I eventually changed my teaching style to a Socratic method and stopped relying on detailed slides during lecture. Today, I think I would present the key diagrams from the slides and stir up discussion instead.

Chapter topic Slides and figures
The marketplace
Computer architecture
ISA modeling ISA behavioral modeling
Introduction to testing System and circuit testing
ISA validation
Design methodology Modularity, control, timing
Building blocks System building blocks
Datapath synthesis Datapath synthesis and style
Control representation Control and microprogramming
Design style Datapath synthesis and style
Small example: Multiply step machine Multiply step machine
Speed, space and power estimates Speed, space and power estimation
Microprogramming Control and microprogramming
Example: PDP-11/40E PDP-11/40E datapath and microprogramming
Modeling the organization
System considerations Packaging and interconnection
Implementation technology Technology
CMOS circuits Introduction to CMOS circuits

In case you’re wondering, input/output was covered in a separate undergraduate course that combined operating systems and computer architecture. That is a an effective combination, by the way, because operating systems live at the software/hardware interface and topics like interrupts and interrupt handling can be addressed in an integrated fashion. Here are three moldy, sketchy notes about I/O: I/O buses, I/O bus transactions, and DMA and interrupts.

At first glance, the PDP-11 example appears outdated. However, few modern machines are described to this depth. The PDP-11 series was manufactured in an era when a computer arrived with a maintenance manual and schematics, not a toll-free customer service phone number. A customer could, plausibly, diagnose and repair a hardware problem in the field. These documents were a terrific educational resource. I learned a tremendous amount about machine design by studying the internals of the PDP-11/40 and the PDP-10. The PDP-11/40E was enhanced by a writeable control store and allowed end-user microprogramming. Thus, a programmer could extend the PDP-11 instruction set or even emulate other machines. The PDP-11/40E has a straightforward datapath and control organization. All in all, this was a great education!
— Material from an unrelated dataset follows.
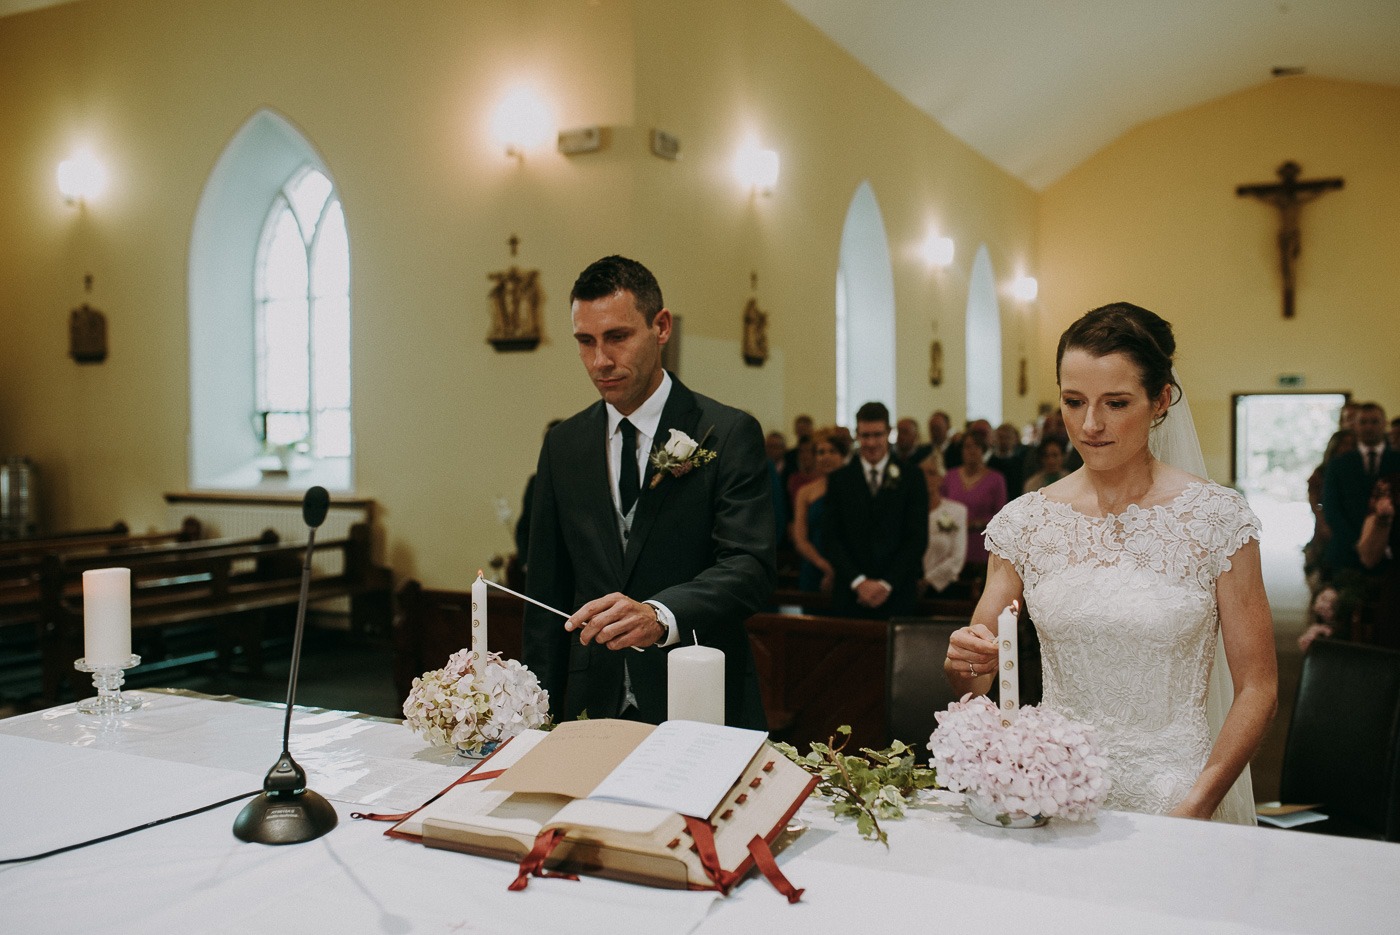 A man and woman cutting a wedding cake
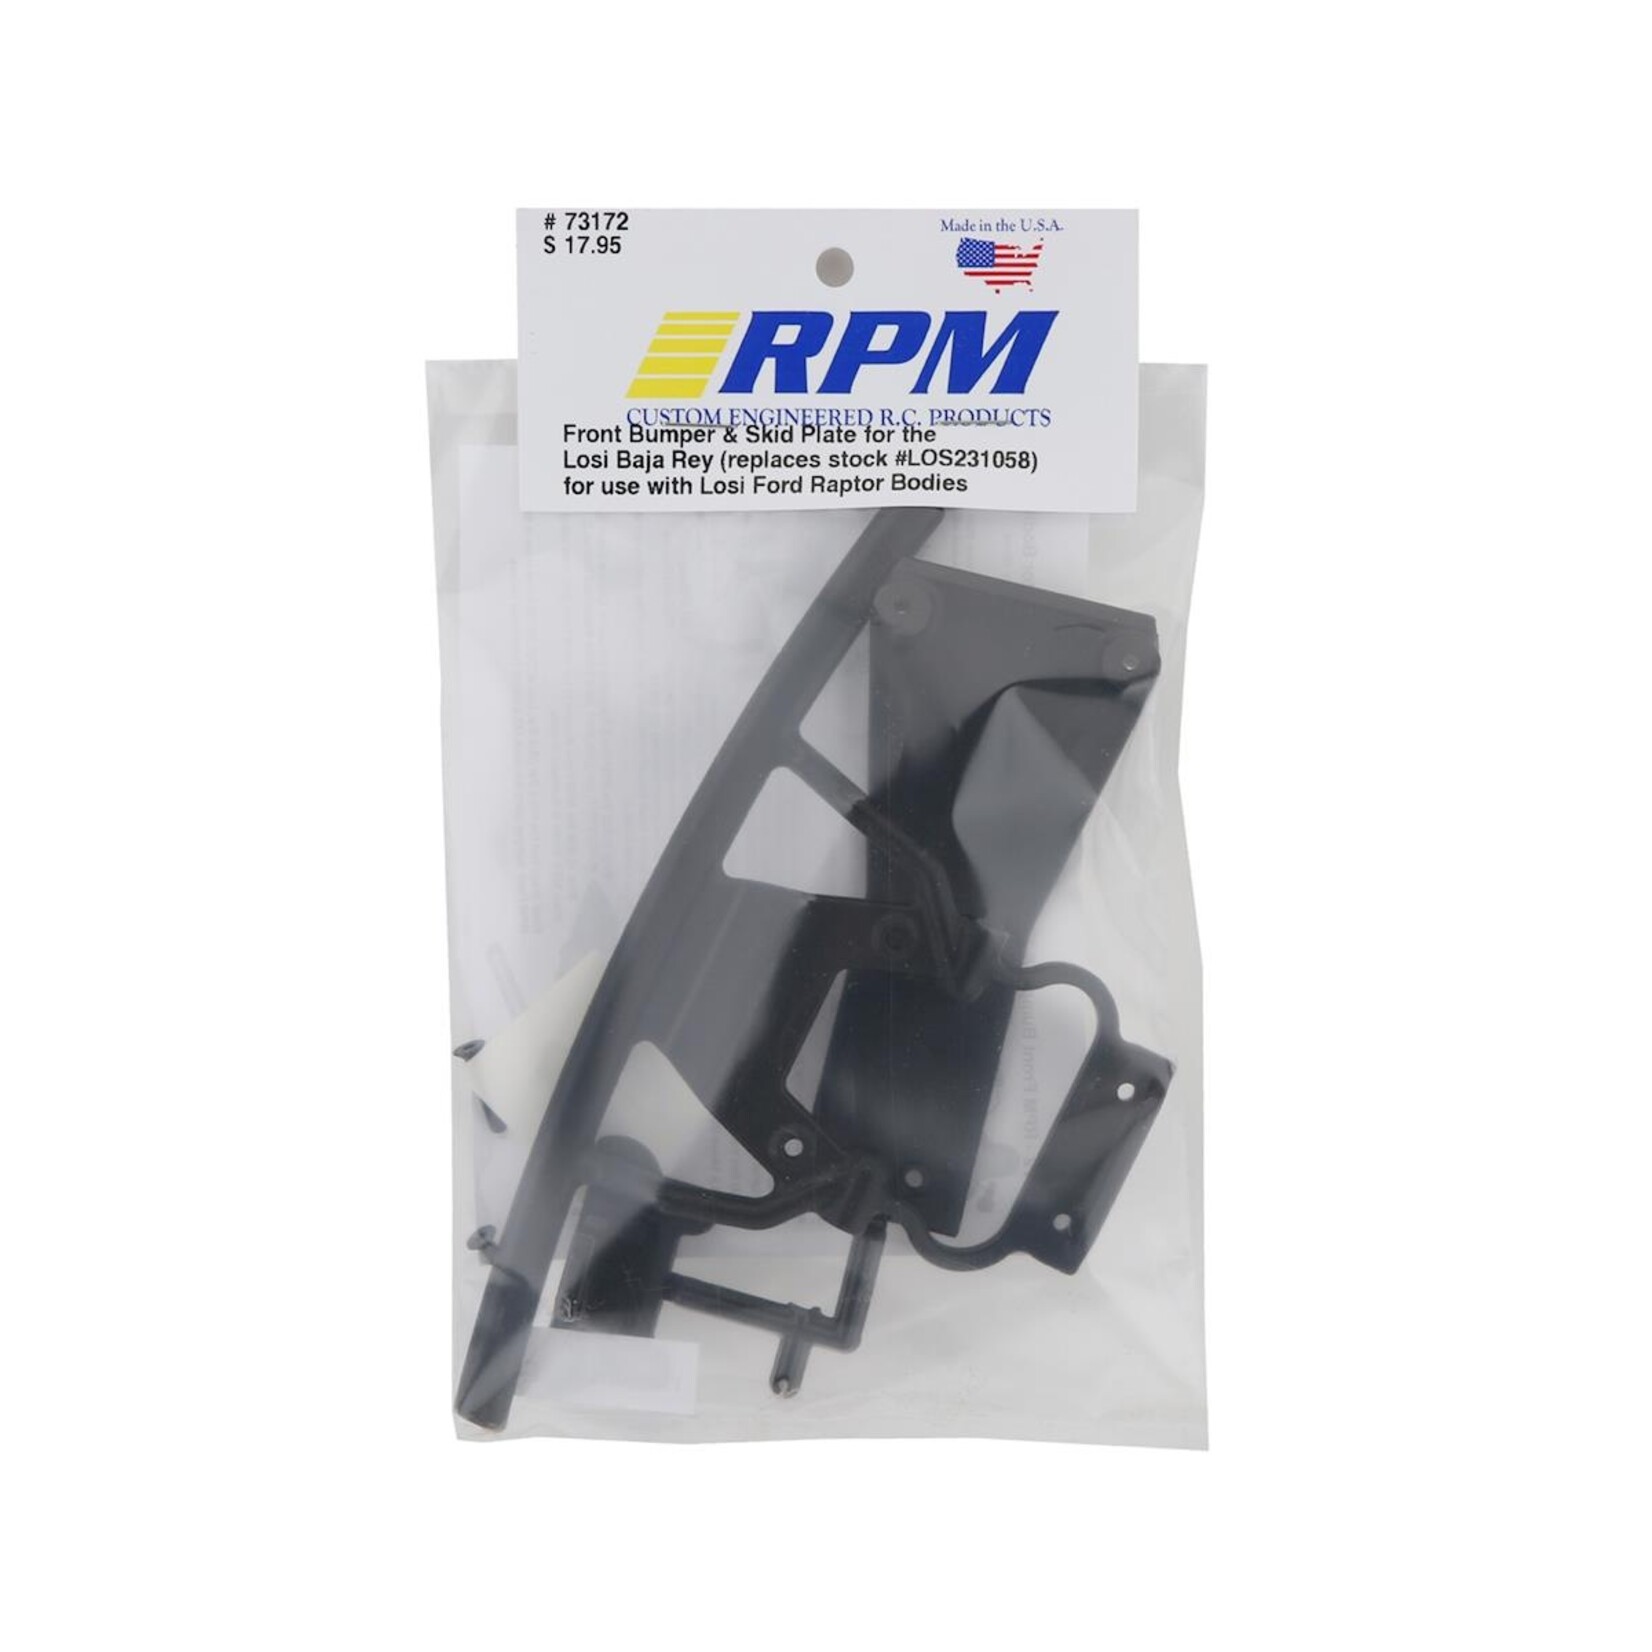 RPM RPM Losi Baja Rey Front Bumper & Skid Plate (Ford Raptor Bodies) #73172

The sections on complexity and technology need a serious update, however. There are many technological options beyond standard cells, gate arrays, semi-custom and full custom. One very important option is the use of very large-scale intellectual property (IP) blocks to assemble a system on a chip (SOC). ARM have a terrific, commercially successful approach and would be a good IP-based technology to study.

One should also consider making FPGA as the ultimate implementation target for course projects. The Papillio board makes it relatively easy and inexpensive to use Xilinx Spartan FPGAs. This approach might require a change in organization-level modeling language. Instead of stylized C/C++, Verilog or VHDL are more appropriate. These languages would certainly make it easier to target Papillio/Spartan. However, students would need to learn another language, possibly increasing time pressure beyond reason.